By Lori Solomon, Editor, Diagnostic Testing & Emerging Technologies

Researchers at Children’s Mercy Kansas City cut in half the time needed for rapid whole-genome sequencing (WGS) to diagnose genetic conditions in critically-ill infants, according to a study published Sept. 29 in Genome Medicine. Improvements in the STAT-Seq time included faster sequencing run time, read alignment, and variant calling, cutting the center’s previous 50-hour WGS record to a 26-hour turn-around time (from receipt of blood sample to provisional molecular diagnosis).

"While the cost of WGS has fallen dramatically, it remains too slow to be suitable for guidance in the management of many acute medical conditions," write the authors, led by Neil Miller, director of informatics and software development at Children’s Mercy. "Here we describe second generation STATseq, with improved timeliness, sensitivity, and scalability."

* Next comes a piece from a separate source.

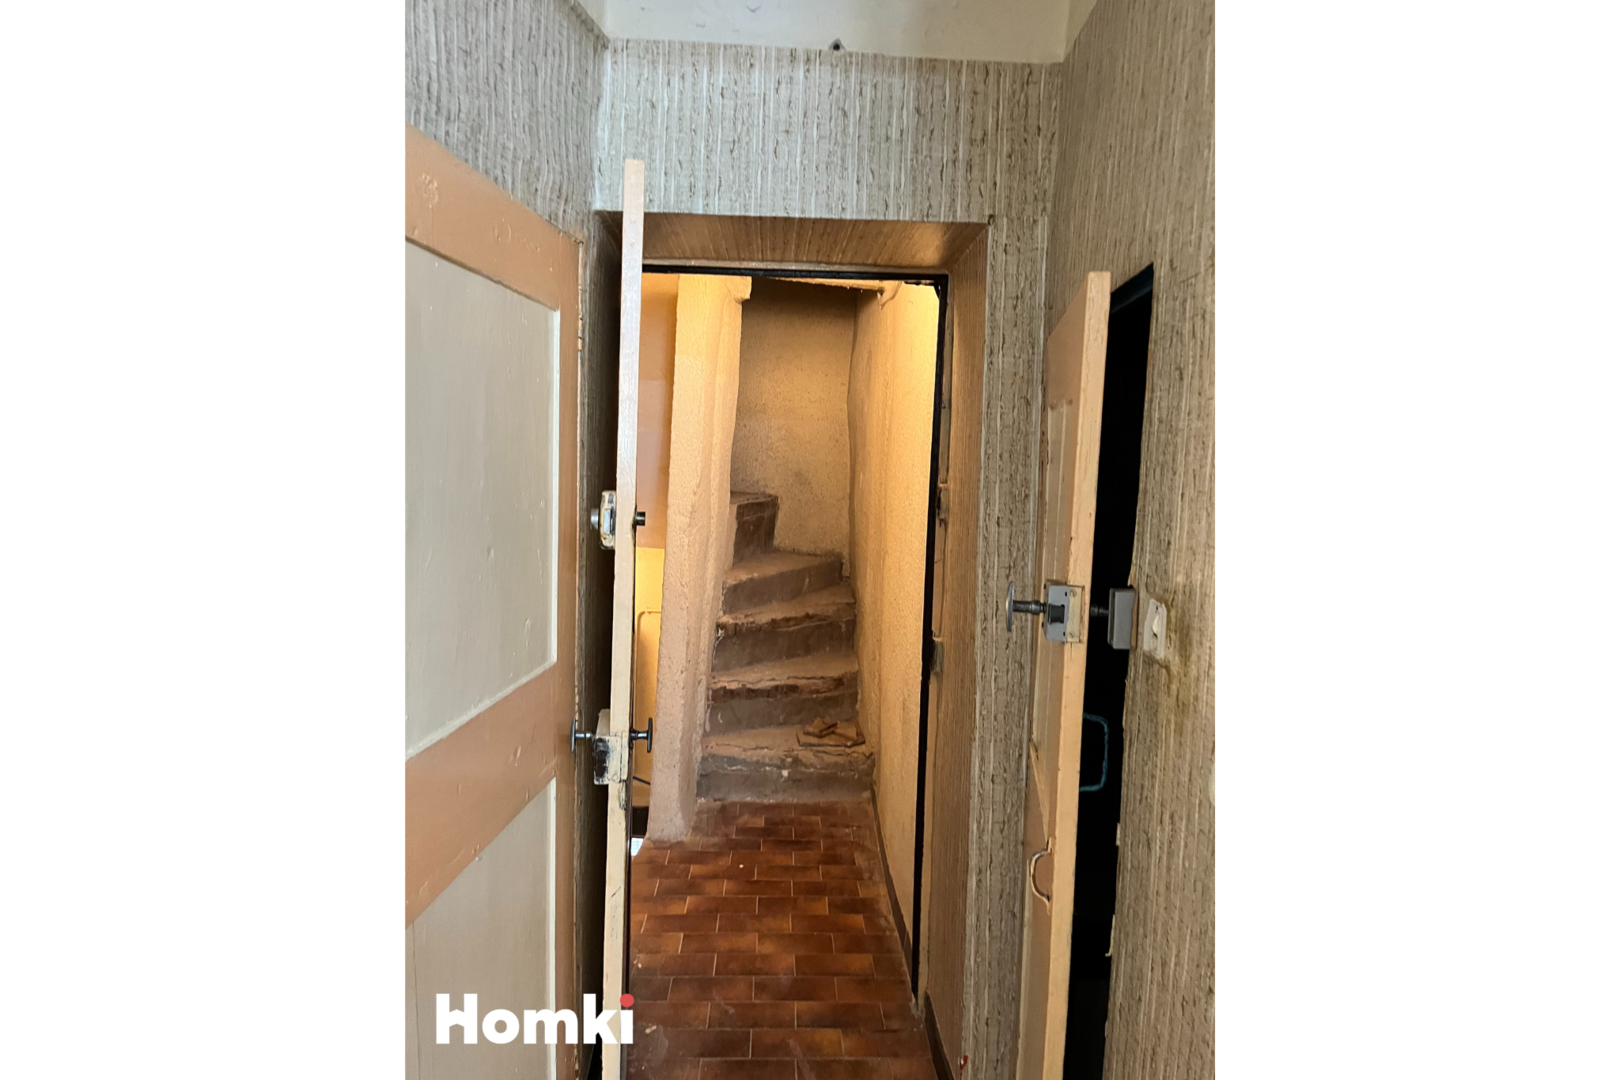 Homki - Vente Appartement  de 100.0 m² à Flayosc 83780

Genomic medicine is transformative for assessment of genetic disease (including rare diseases and those with atypical presentations) because it is capable of rapidly and simultaneously testing all potentially relevant genes, regardless of a clinician’s differential diagnosis.

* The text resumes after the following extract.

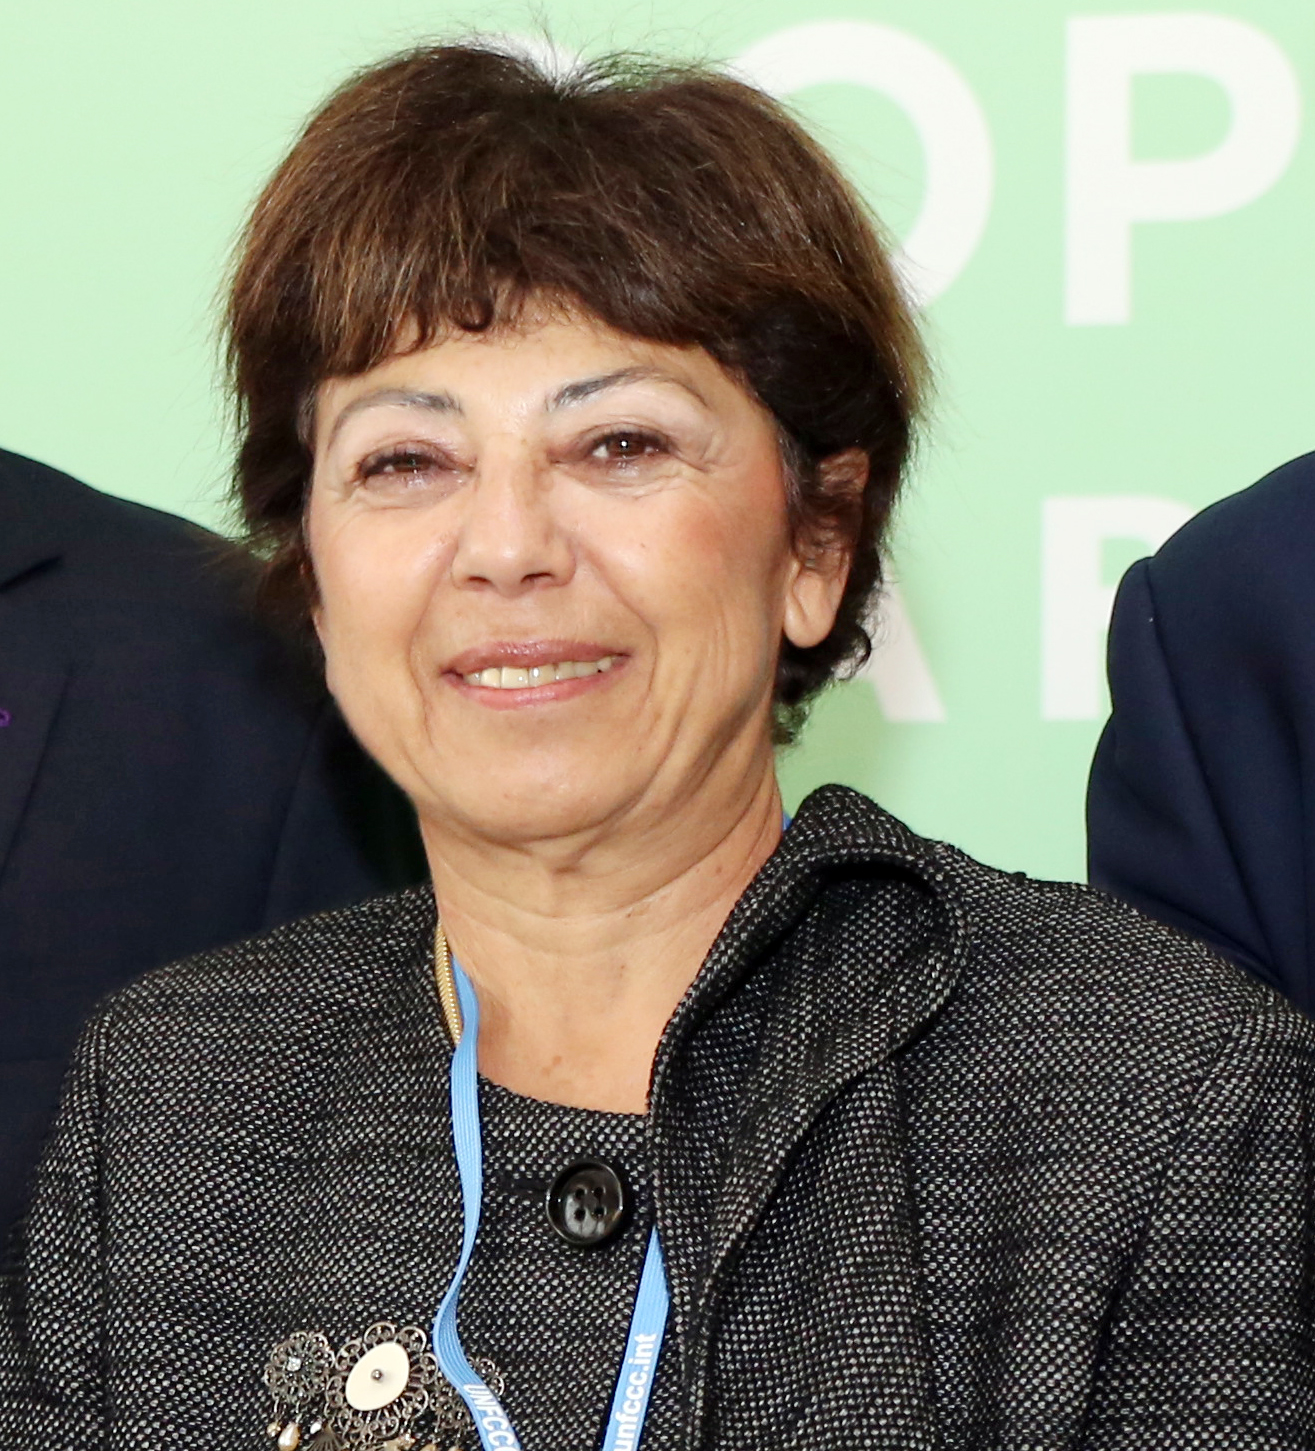 Monique Barbut, Executive Secretary of the UNCCD. Photo credit: www.iisd.ca

This study retrospectively re-evaluated parent–child trios enrolled in a research biorepository who received WGS to diagnose monogenic disorders of unknown etiology in affected infants. Infants received rapid WGS if the probable diagnosis was likely detectable by next-generation sequencing and had any potential to alter management or genetic counseling.

Among the most significant improvements:

  • Development of an ultra-rapid run mode on the Illumina HiSeq 2500 sequencing instrument cut sequencing time from 25.5 hours (using the rapid run mode) to 18 to 21 hours, with the same quality, quantity, and precision of sequences, but with greater analytic sensitivity (99.5 percent in a 40X genome).
  • Edico Genome’s DRAGEN processor (aligner and variant caller) cut data analysis time from 22.5 hours (with CASAVA v1.8.2; Illumina) to 41 minutes. (Several authors report financial ties to Edico Genomics.)
  • Replacing manual interpretation and reporting process with in-house VIKING software program saved three hours.
  • Optimization of in-house software, RUNES (Rapid Understanding of Nucleotide variant Effect Software) more quickly detects mutations in gene sequences (30 minutes) and saved another two hours.

The researchers say that their initial clinical experience with rapid WGS involved 35 parent–infant trios, with all infants acutely ill, 4 months of age or less, and with a suspected genetic cause of disease. Rapid WGS provided a genetic diagnosis in more than half of the infants (57 percent). Of these receiving a diagnosis, nine of the twenty received a diagnosis that had not been considered in the differential diagnosis. Seventeen of the diagnoses were either of "acute clinical utility" or had "strongly favorable effects on management."

"A randomized, prospective clinical study of rapid WGS is now in progress to ascertain the extensibility of these results to broad NICU populations," the authors write. "Clearly, while the application of rapid WGS for NICU diagnosis of genetic disease appears tremendously promising, translating diagnoses into effective precision medicine is in its infancy.”